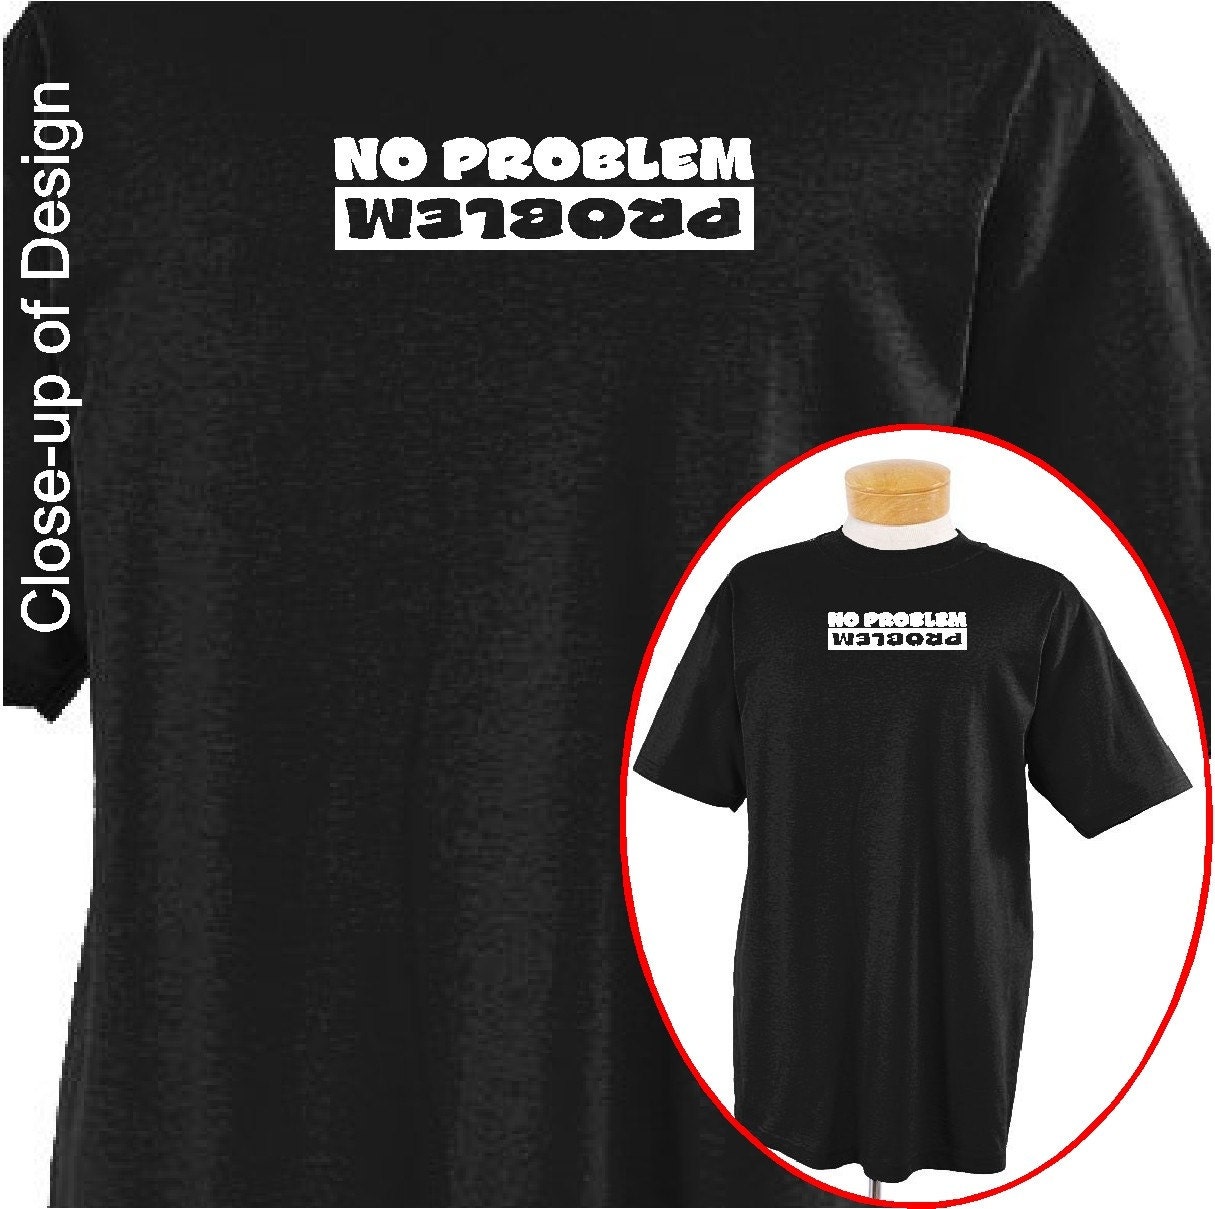 No problem...Funny T-shirt Humorous Shirt Funny Humor Tee
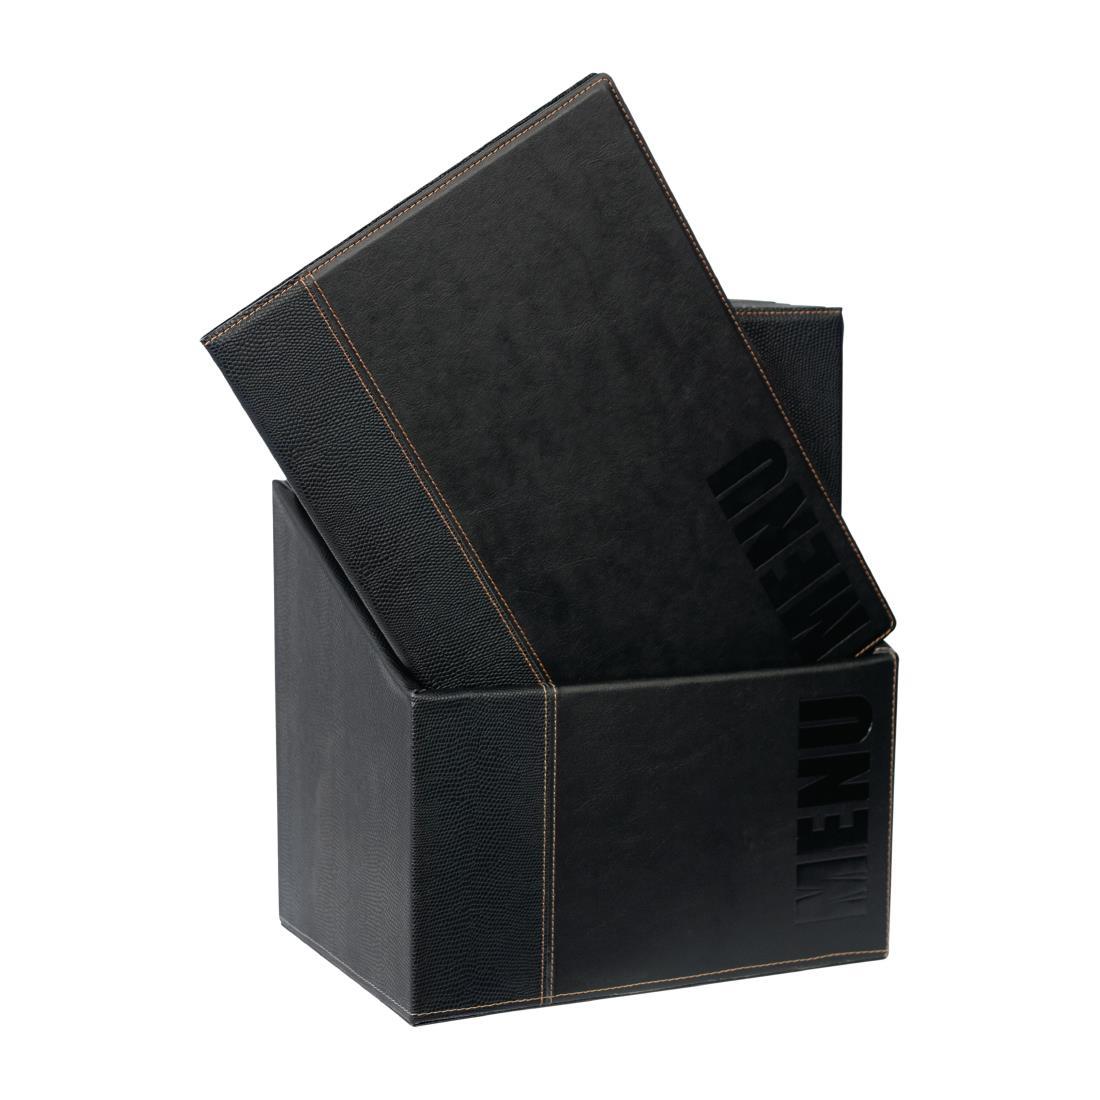 Securit Contemporary Menu Covers and Storage Box A4 Black (Pack of 20) - U266  - 1
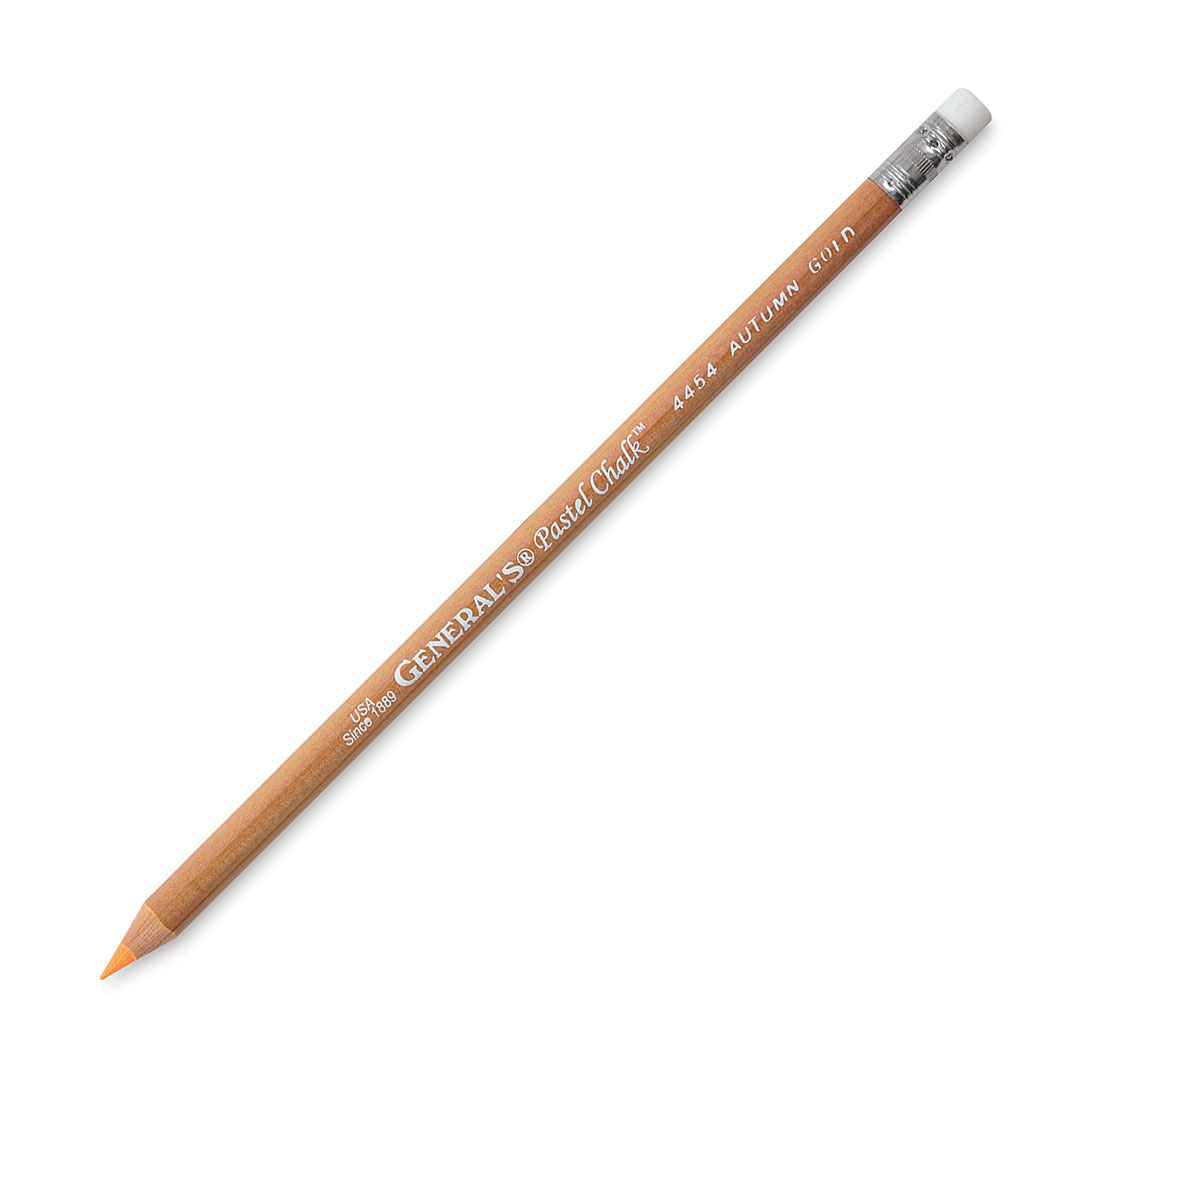 General's MultiPastel Chalk Pencils
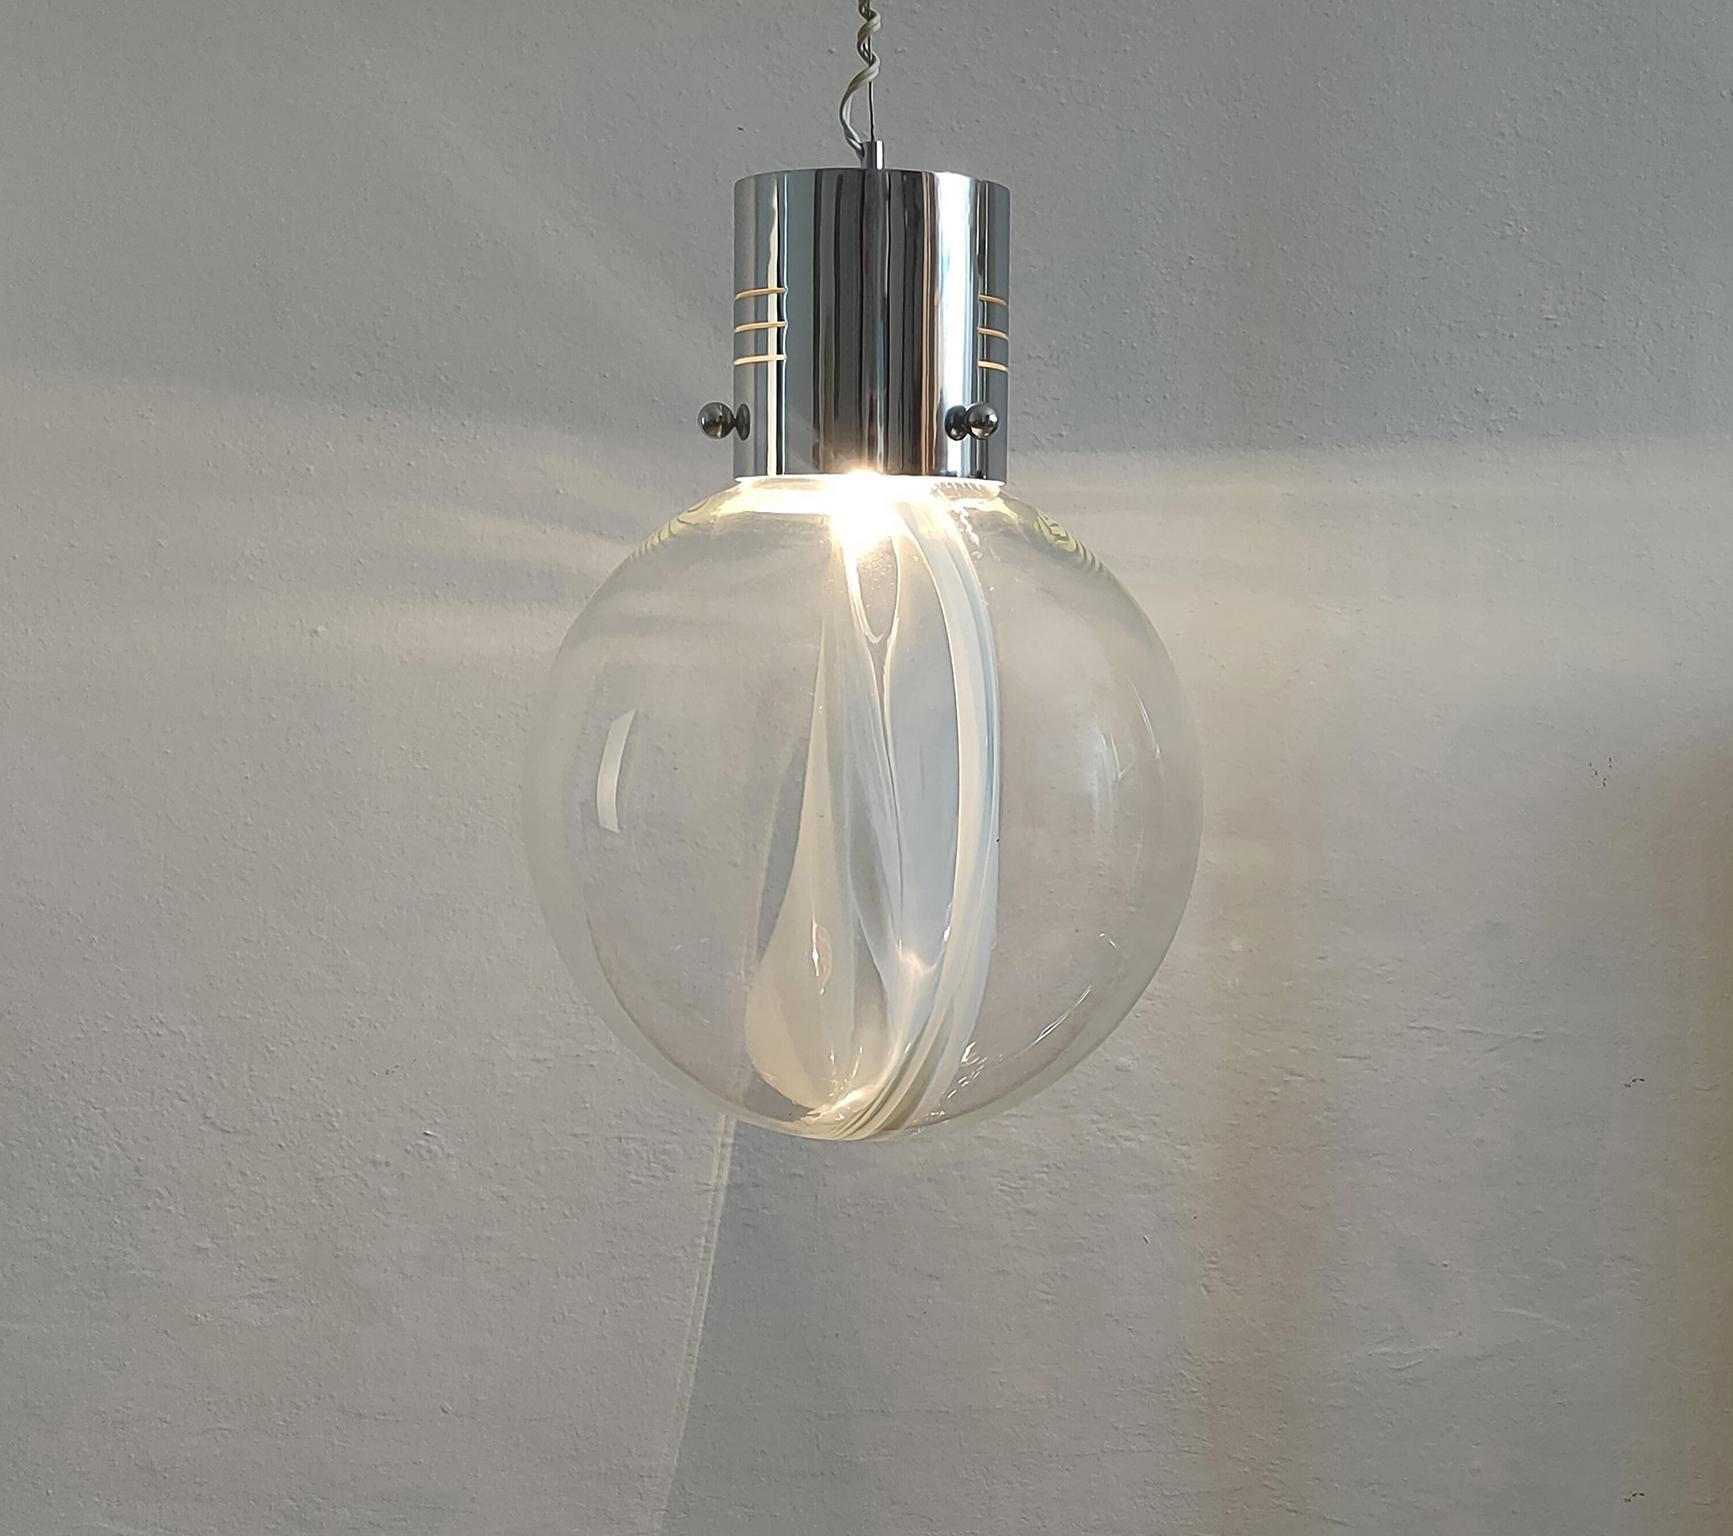 Toni Zuccheri Membrana Ceiling Lamp in Murano Glass by Venini 1960s Italy In Good Condition For Sale In Montecatini Terme, IT

• _Instructions to follow_
An exact copy of the data above is required, printed without its pictures.

• _Your response_
 No problem...Funny T-shirt Humorous Shirt Funny Humor Tee
 Securit Contemporary Menu Covers and Storage Box A4 Black (Pack of 20) - U266  - 1
 General's MultiPastel Chalk Pencils
 Toni Zuccheri Membrana Ceiling Lamp in Murano Glass by Venini 1960s Italy In Good Condition For Sale In Montecatini Terme, IT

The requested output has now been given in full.